Analysts and investors can participate in the conference call by
dialing 877-407-8291 for domestic callers and 201-689-8345 for
international callers, using the conference ID 13733805. A live
audio webcast can be accessed by visiting the Investors & Media
– News & Events section of atarabio.com.

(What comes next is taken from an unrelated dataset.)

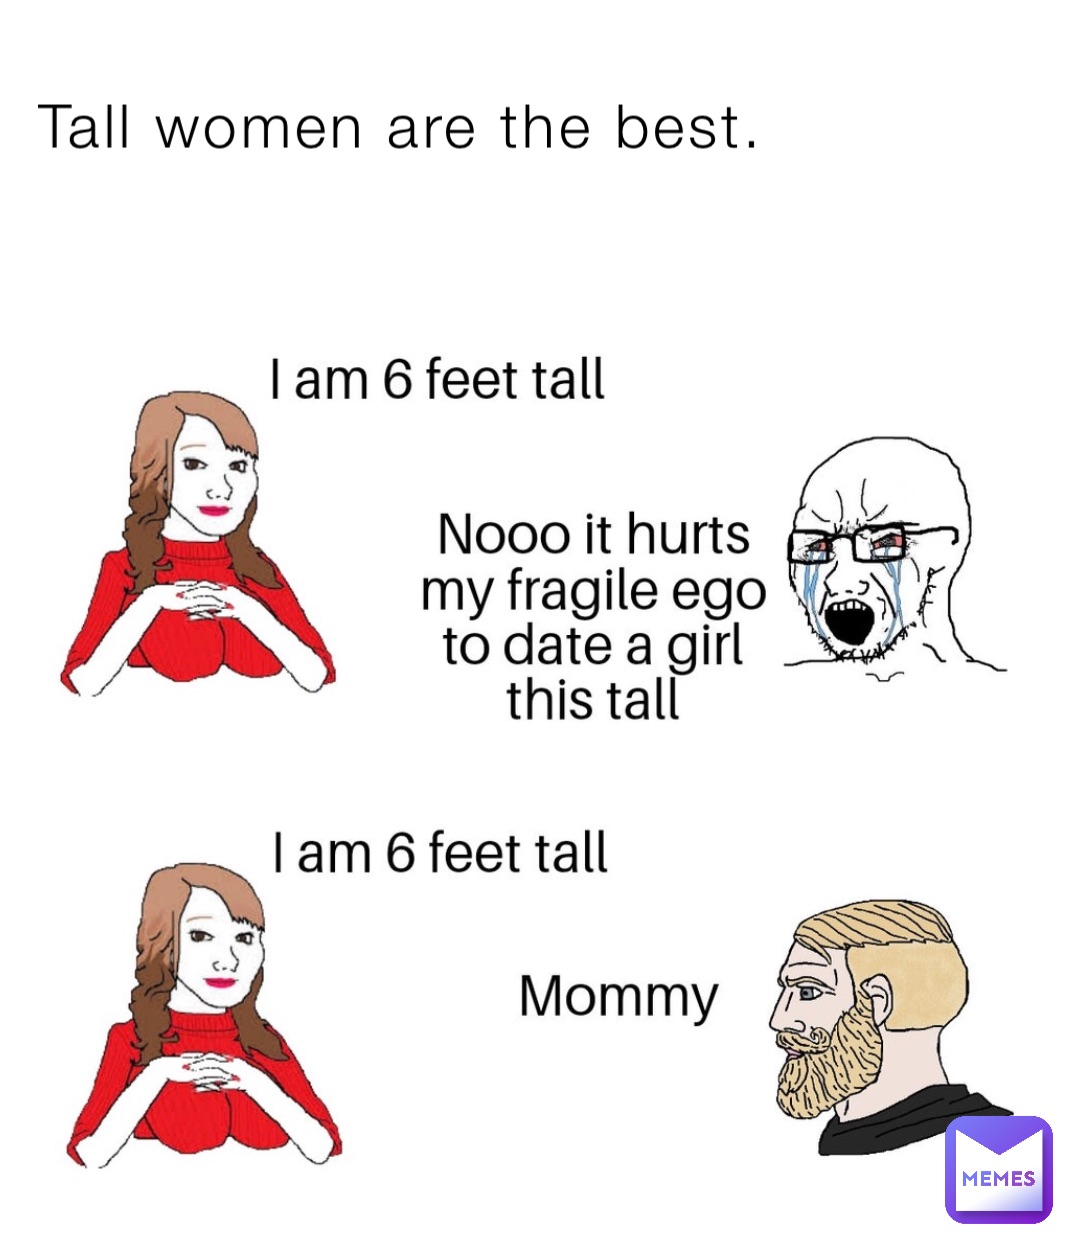 Tall women are the best.

An archived replay
will be available on the Company's website for 30 days following
the live webcast.
About Atara Biotherapeutics, Inc.
Atara Biotherapeutics, Inc. (@Atarabio) is a pioneer in T-cell
immunotherapy leveraging its novel allogeneic EBV T-cell platform
to develop transformative therapies for patients with serious
diseases including solid tumors, hematologic cancers and autoimmune
disease. With our lead program receiving a CHMP positive opinion
for a marketing authorization in Europe, Atara is the most advanced
allogeneic T-cell immunotherapy company and intends to rapidly
deliver off-the-shelf treatments to patients with high unmet
medical need. Our platform leverages the unique biology of EBV T
cells and has the capability to treat a wide range of
EBV-associated diseases, or other serious diseases through
incorporation of engineered CARs (chimeric antigen receptors) or
TCRs (T-cell receptors). Atara is applying this one platform, which
does not require TCR or HLA gene editing, to create a robust
pipeline including: tab-cel in Phase 3 development for Epstein-Barr
virus-driven post-transplant lymphoproliferative disease (EBV+
PTLD) and other EBV-driven diseases; ATA188, a T-cell immunotherapy
targeting EBV antigens as a potential treatment for multiple
sclerosis; and multiple next-generation chimeric antigen receptor
T-cell (CAR-T) immunotherapies for both solid tumors and
hematologic malignancies. Improving patients’ lives is our mission
and we will never stop working to bring transformative therapies to
those in need. Atara is headquartered in Southern California. For
additional information about the company, please visit atarabio.com
and follow us on Twitter and LinkedIn.
Forward-Looking Statements
This press release contains or may imply "forward-looking
statements" within the meaning of Section 27A of the Securities Act
of 1933 and Section 21E of the Securities Exchange Act of 1934. For
example, forward-looking statements include statements regarding:
(1) the Company’s corporate strategy, including seeking a
commercial partner for tab-cel in the U.S; (2) the potential
benefits, safety and efficacy of tab-cel®; the timing and progress
of tab-cel®, including (i) data and analyses relating to tab-cel®,
including from the ALLELE study; (ii) tab-cel® clinical trials, and
the occurrence, timing and outcome of Atara’s interactions and
discussions with the FDA regarding a BLA submission for tab-cel ®,
(iii) the potential submission of the BLA for tab-cel®, and (iv)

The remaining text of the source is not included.